# Air Purifier ?



## ConnorTJ (Jan 5, 2012)

hey guys i recived a Air Purifier for Xmas from my mum  i was just wondering if this would do anything special for my grow 

(it takes dirty air and makes it clean)


----------



## Clown Baby (Jan 5, 2012)

its not gonna do the same thing as a carbon filter or ozonator, if that's what youre asking.


----------



## ideit (Jan 6, 2012)

Could help with mold spores I suppose. Won't do much for odor though.


----------



## Weedasaurus (Jan 10, 2012)

it all depends what type of air purifier it is. How many stage is it? some air purifiers have an ozonator, UV, carbon, filtration, etc.


----------



## ismokealotofpot (Jan 11, 2012)

If it has an ionizer you don't want in the grow room. Out side the room will be fine.too much ozone is bad for plants.


----------



## crazy carl (Jan 11, 2012)

run it it will trap whatever will not go through the filter, 

the filters are a little expensive for me so ill buy a big filter and cut out squares and tape the edges as needed to fit.


----------



## tibberous (Jan 12, 2012)

Put it somewhere, unopened, in case you ever want to grow mushrooms. You'll probably fuck it up running it in a grow room.

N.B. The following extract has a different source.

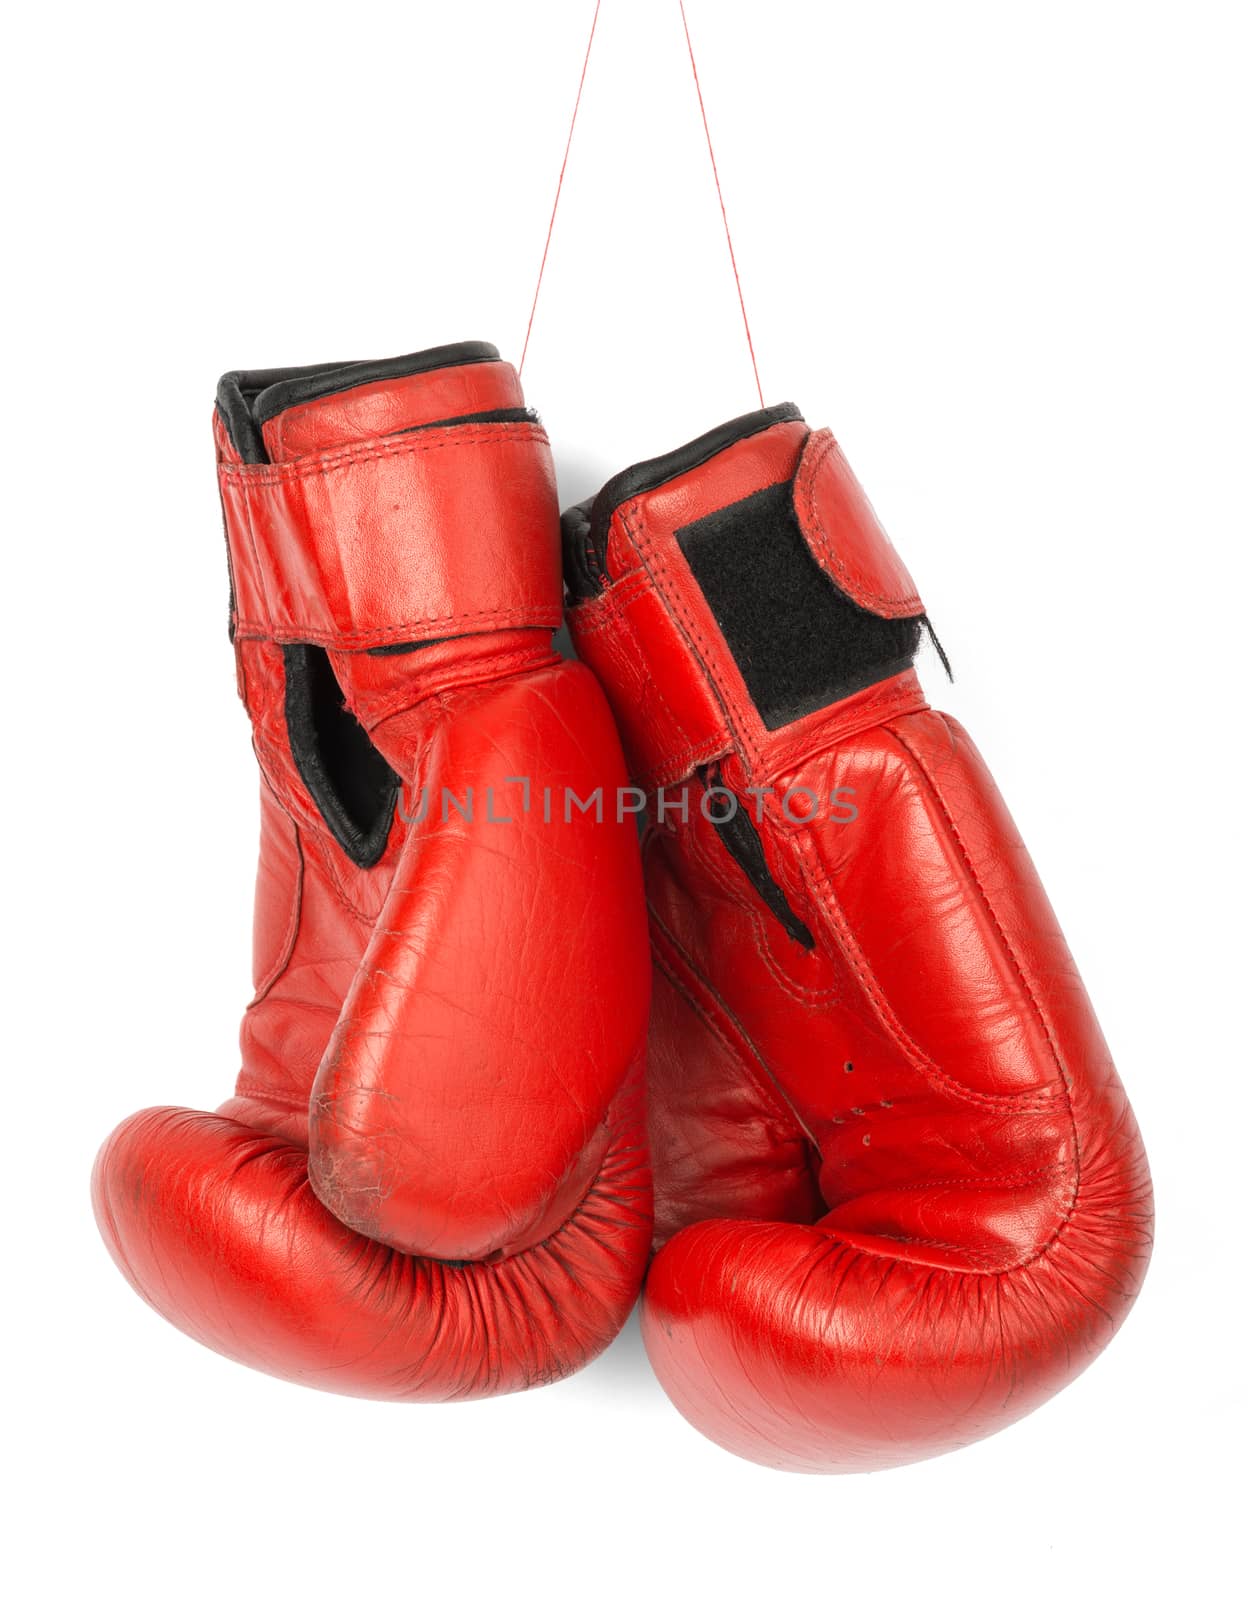 Red boxing gloves on isolated white background

You might be able to take the filter out and use it like an air-recirculator / fan.


----------



## richinweed (Jan 29, 2012)

ozone and ions are two totally different things ...totally, ozone has awsome uses,and different uses than a simple ion genorater but will kill plants and human lung tissue,,,,ions are just charged dust particles , and if tha filter is just for dust ....awsome,, ALL intake air should go thru heppa filtration, short of that use an in room purifier, like yours.....no dust stuck to my stash...remember OZONE is danger...ion is fine


----------



## Catchin22 (Jan 29, 2012)

ismokealotofpot said:


> If it has an ionizer you don't want in the grow room. Out side the room will be fine.too much ozone is bad for plants.


An ozone generator and an Ionizer are not the same thing!


----------



## KUShSOurSMOKEr (Jan 29, 2012)

i have a air filter and was wondering if this wil help my humidity to /


----------